Inducible Tolerance to Agrochemicals Was Paved by Evolutionary Responses to Predators

Recent research has reported increased tolerance to agrochemicals in target and nontarget organisms following acute physiological changes induced through phenotypic plasticity. Moreover, the most inducible populations are those from more pristine locations, far from agrochemical use. We asked why do populations with no known history of pesticide exposure have the ability to induce adaptive responses to novel agrochemicals? We hypothesized that increased pesticide tolerance results from a generalized stressor response in organisms, and would be induced following sublethal exposure to natural and anthropogenic stressors. We exposed larval wood frogs (Lithobates sylvaticus) to one of seven natural or anthropogenic stressors (predator cue (Anax spp.), 0.5 or 1.0 mg carbaryl/L, road salt (200 or 1000 mg Cl-/L), ethanol-vehicle control, or no-stressor control) and subsequently tested their tolerance to a lethal carbaryl concentration using time-to-death assays. We observed induced carbaryl tolerance in tadpoles exposed to 0.5 mg/L carbaryl and also in tadpoles exposed to predator cues. Our results suggest that the ability to induce pesticide tolerance likely arose through evolved antipredator responses. Given that antipredator responses are widespread among species, many animals might possess inducible pesticide tolerance, buffering them from agrochemical exposure.

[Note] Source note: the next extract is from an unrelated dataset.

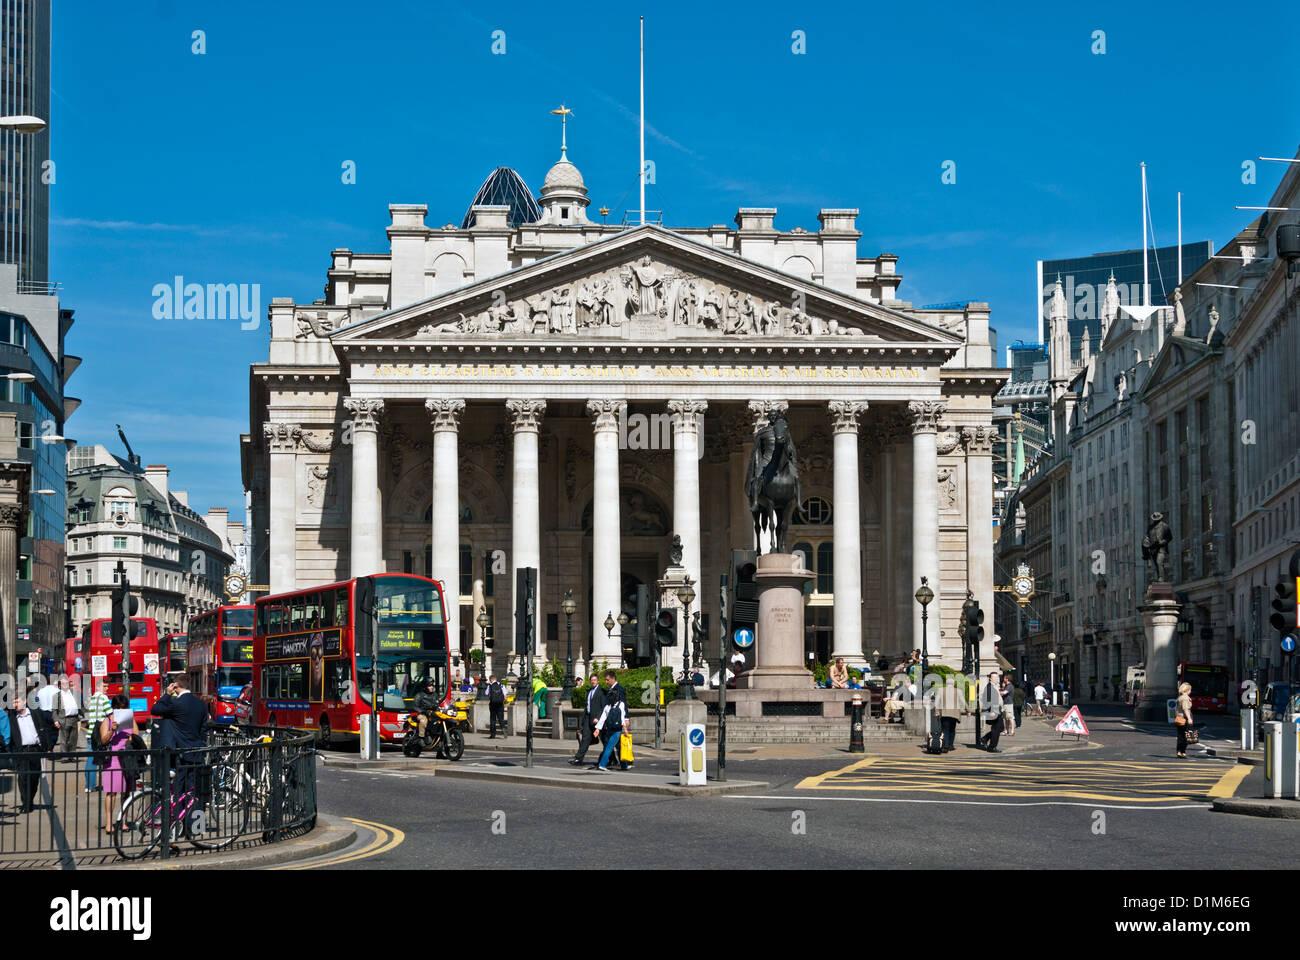 The Royal Exchange, London - Stock Image

Timing and frequency of sublethal exposure modifies the induction and retention of increased insecticide tolerance in wood frogs (Lithobates sylvaticus)

Although the paradigm for increased tolerance to pesticides has been by selection on constitutive (naïve) traits, recent research has shown it can also occur through phenotypic plasticity. However, the time period in which induction can occur, the duration of induced tolerance, and the influence of multiple induction events remain unknown. We hypothesized that the induction of increased pesticide tolerance is limited to early sensitive periods, the magnitude of induced tolerance depends on the number of exposures, and the retention of induced tolerance depends on the time elapsed after an exposure and the number of exposures. To test these hypotheses, we exposed wood frog tadpoles to either a no-carbaryl control (water) or 0.5 mg/L carbaryl at 4 time periods, and later tested their tolerance to carbaryl using time-to-death assays. We discovered that tadpoles induced increased tolerance early and midway but not late in our experiment and their constitutive tolerance increased with age. We found no difference in the magnitude of induced tolerance after a single or 2 exposures. Finally, induced pesticide tolerance was reversed within 6 d but was retained only when tadpoles experienced all 4 consecutive exposures. Phenotypic plasticity provides an immediate response for sensitive amphibian larvae to early pesticide exposures and reduces phenotypic mismatches in aquatic environments contaminated by agrochemicals. Environ Toxicol Chem 2018;37:2188-2197.